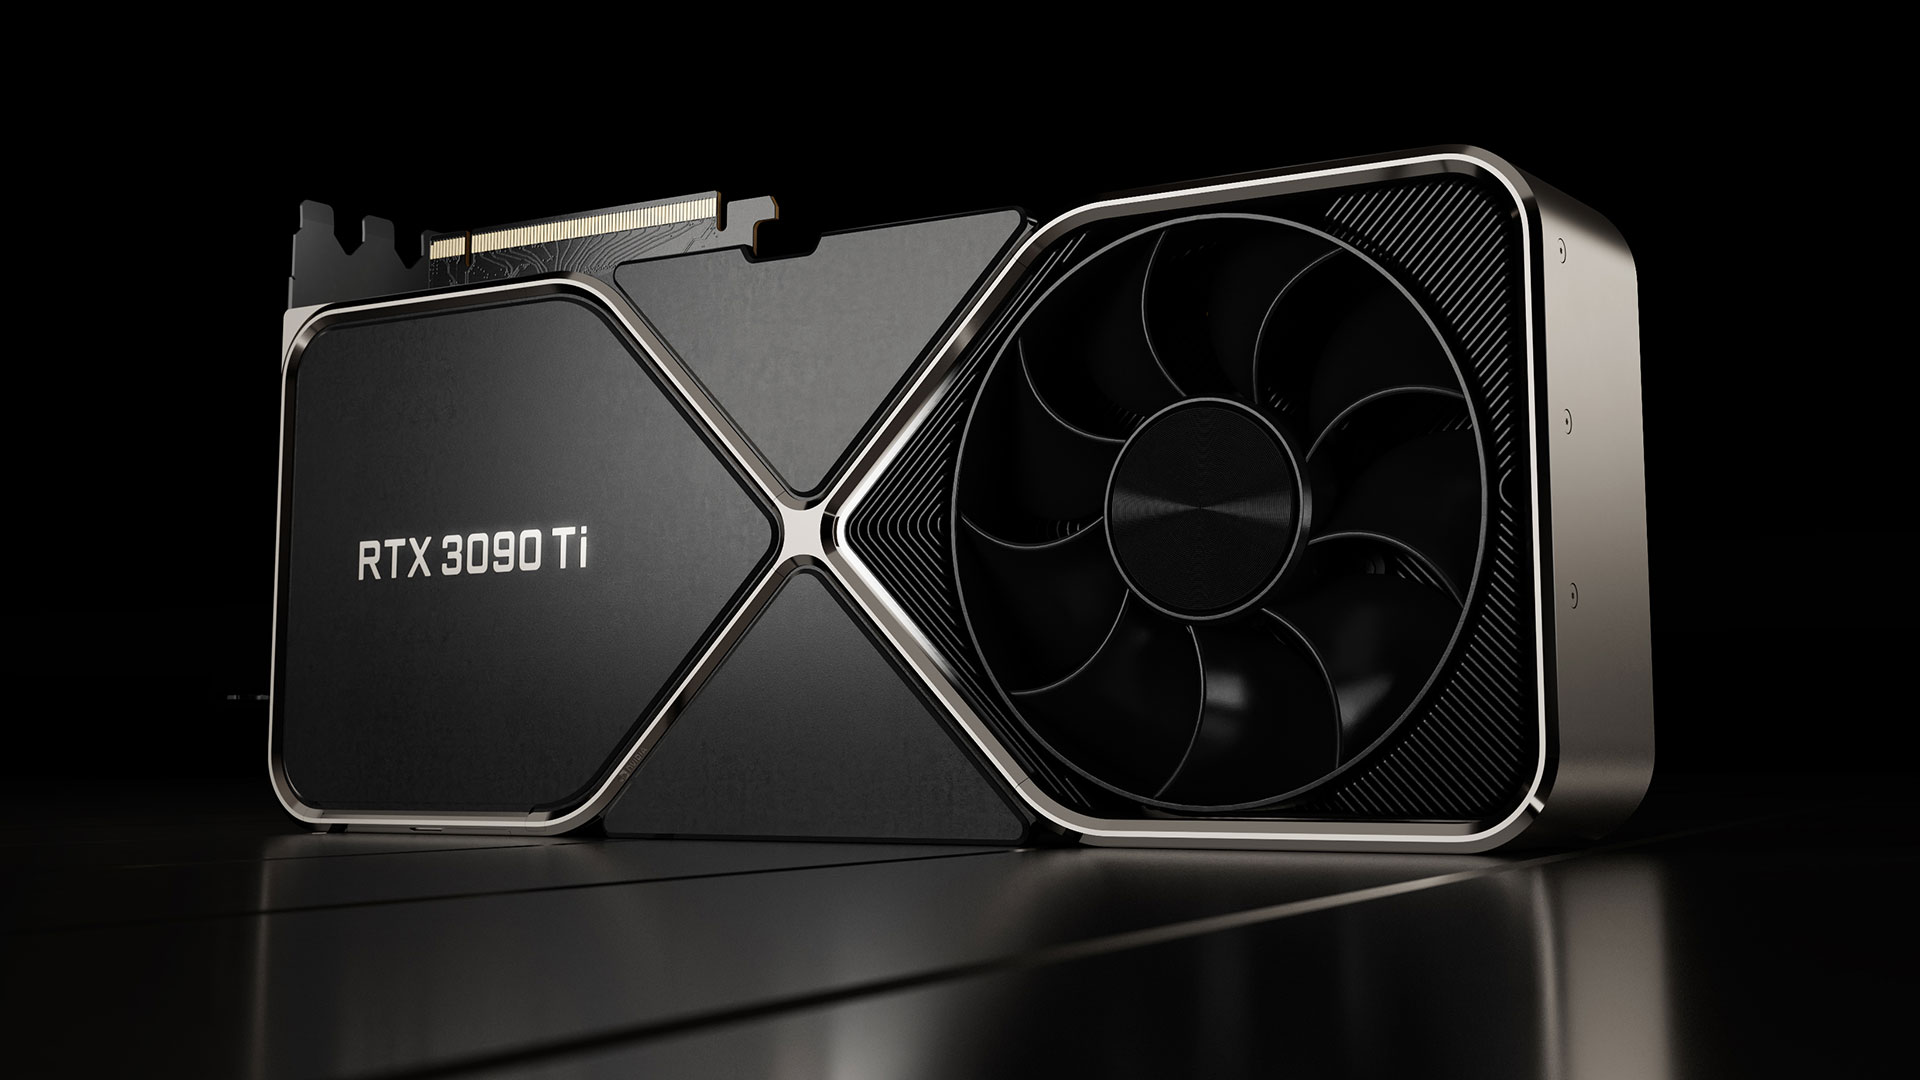 Nvidia GeForce RTX 3090 Ti Officially Launches, Starting at $1,999
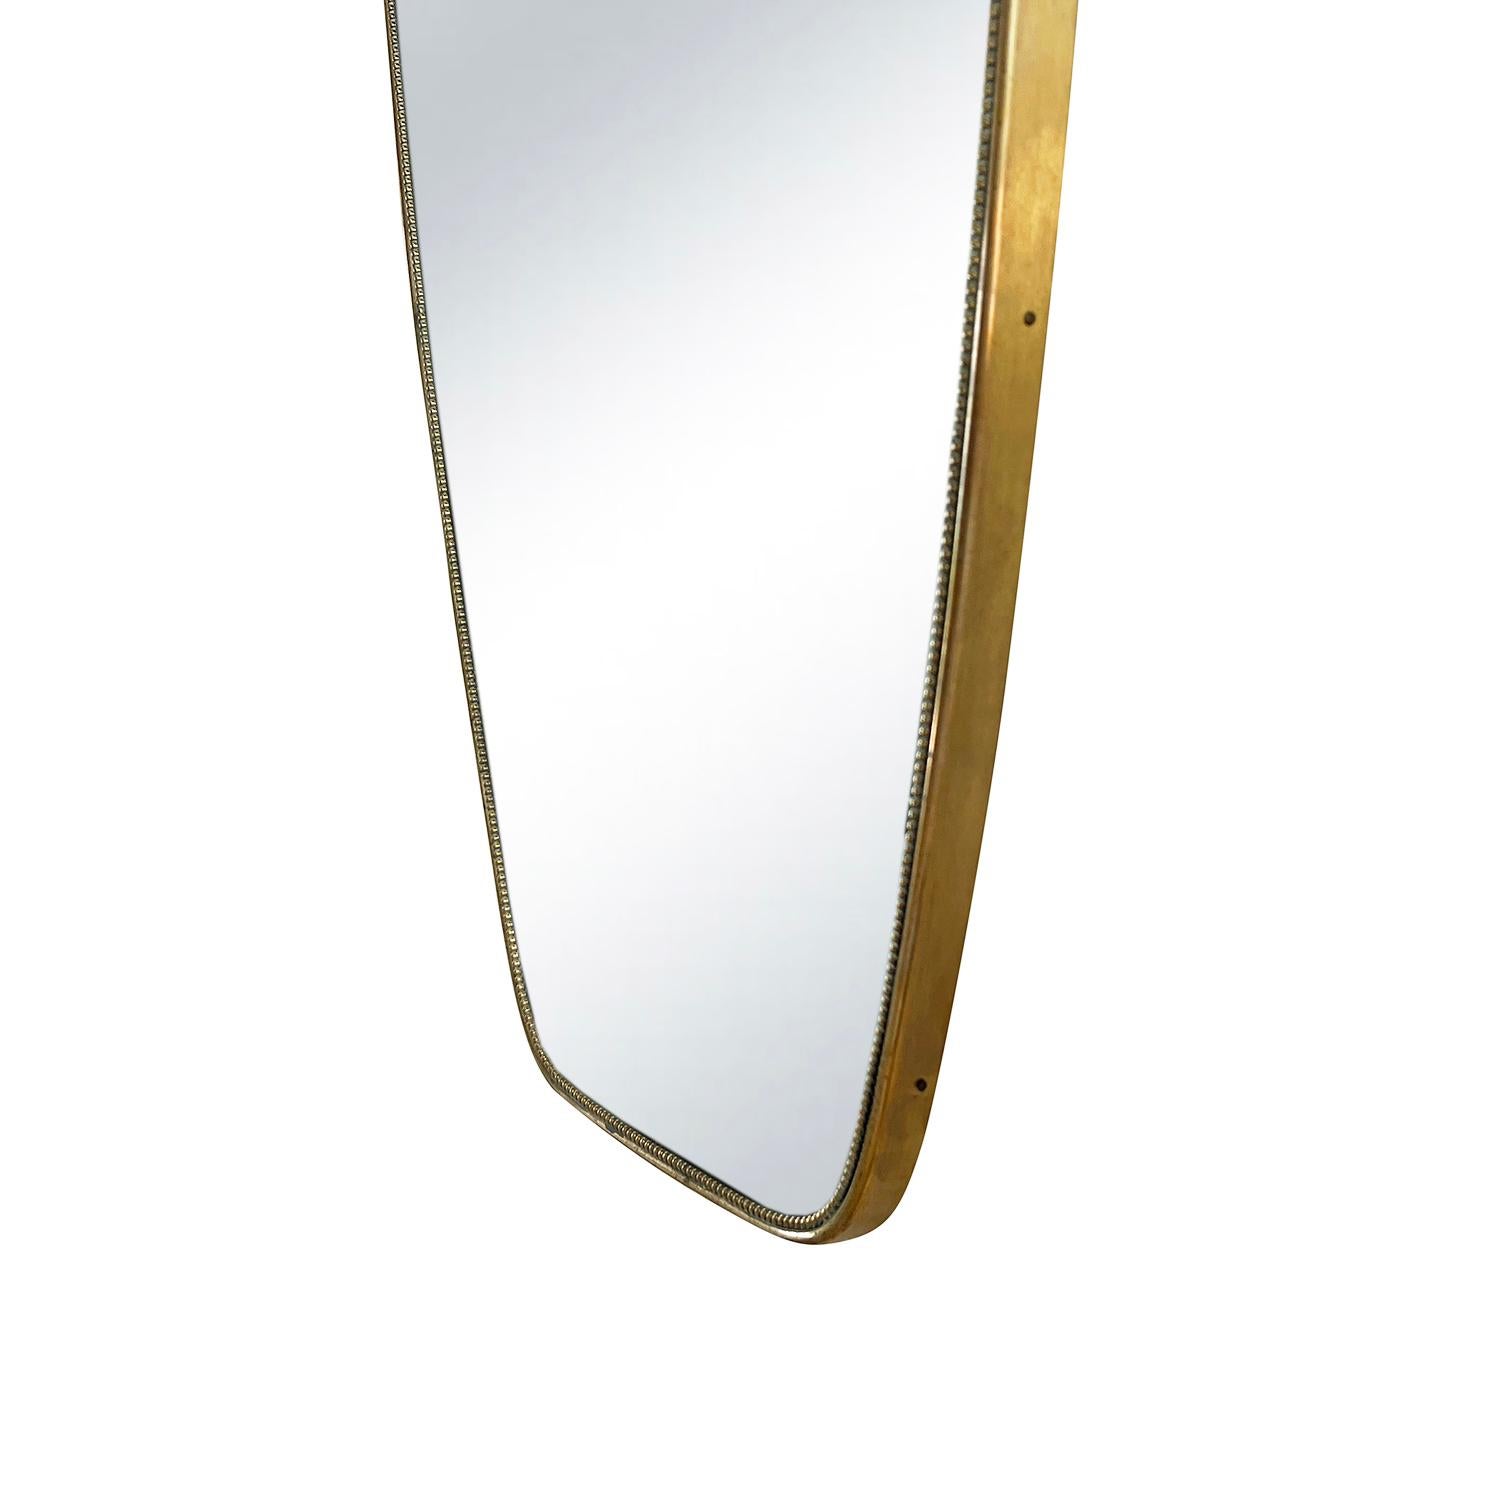 Polished 20th Century Italian Modernist Vintage Mid-Century Brass Wall Glass Mirror For Sale
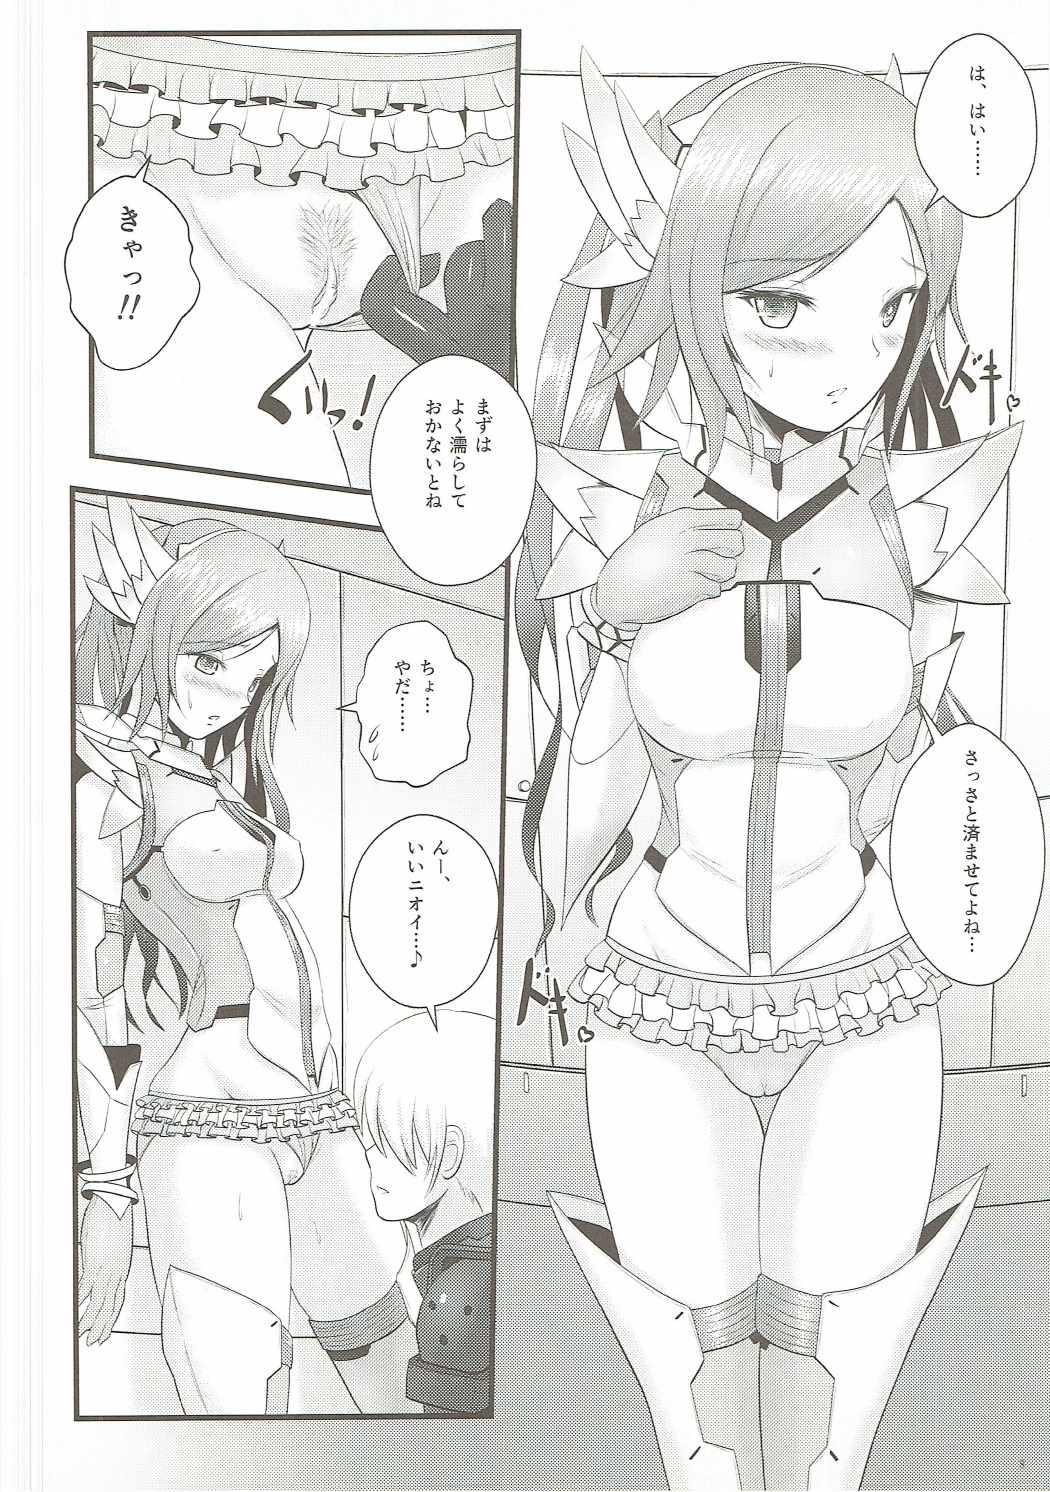 Best Blow Job Seagull's Love Song - Phantasy star online 2 Hooker - Page 5

#### Exercise directions:
Write out the material above exactly. Skip the pictures.

#### Answer to the exercise:
 Nvidia GeForce RTX 3090 Ti Officially Launches, Starting at $1,999
 Polished 20th Century Italian Modernist Vintage Mid-Century Brass Wall Glass Mirror For Sale
 Best Blow Job Seagull's Love Song - Phantasy star online 2 Hooker - Page 5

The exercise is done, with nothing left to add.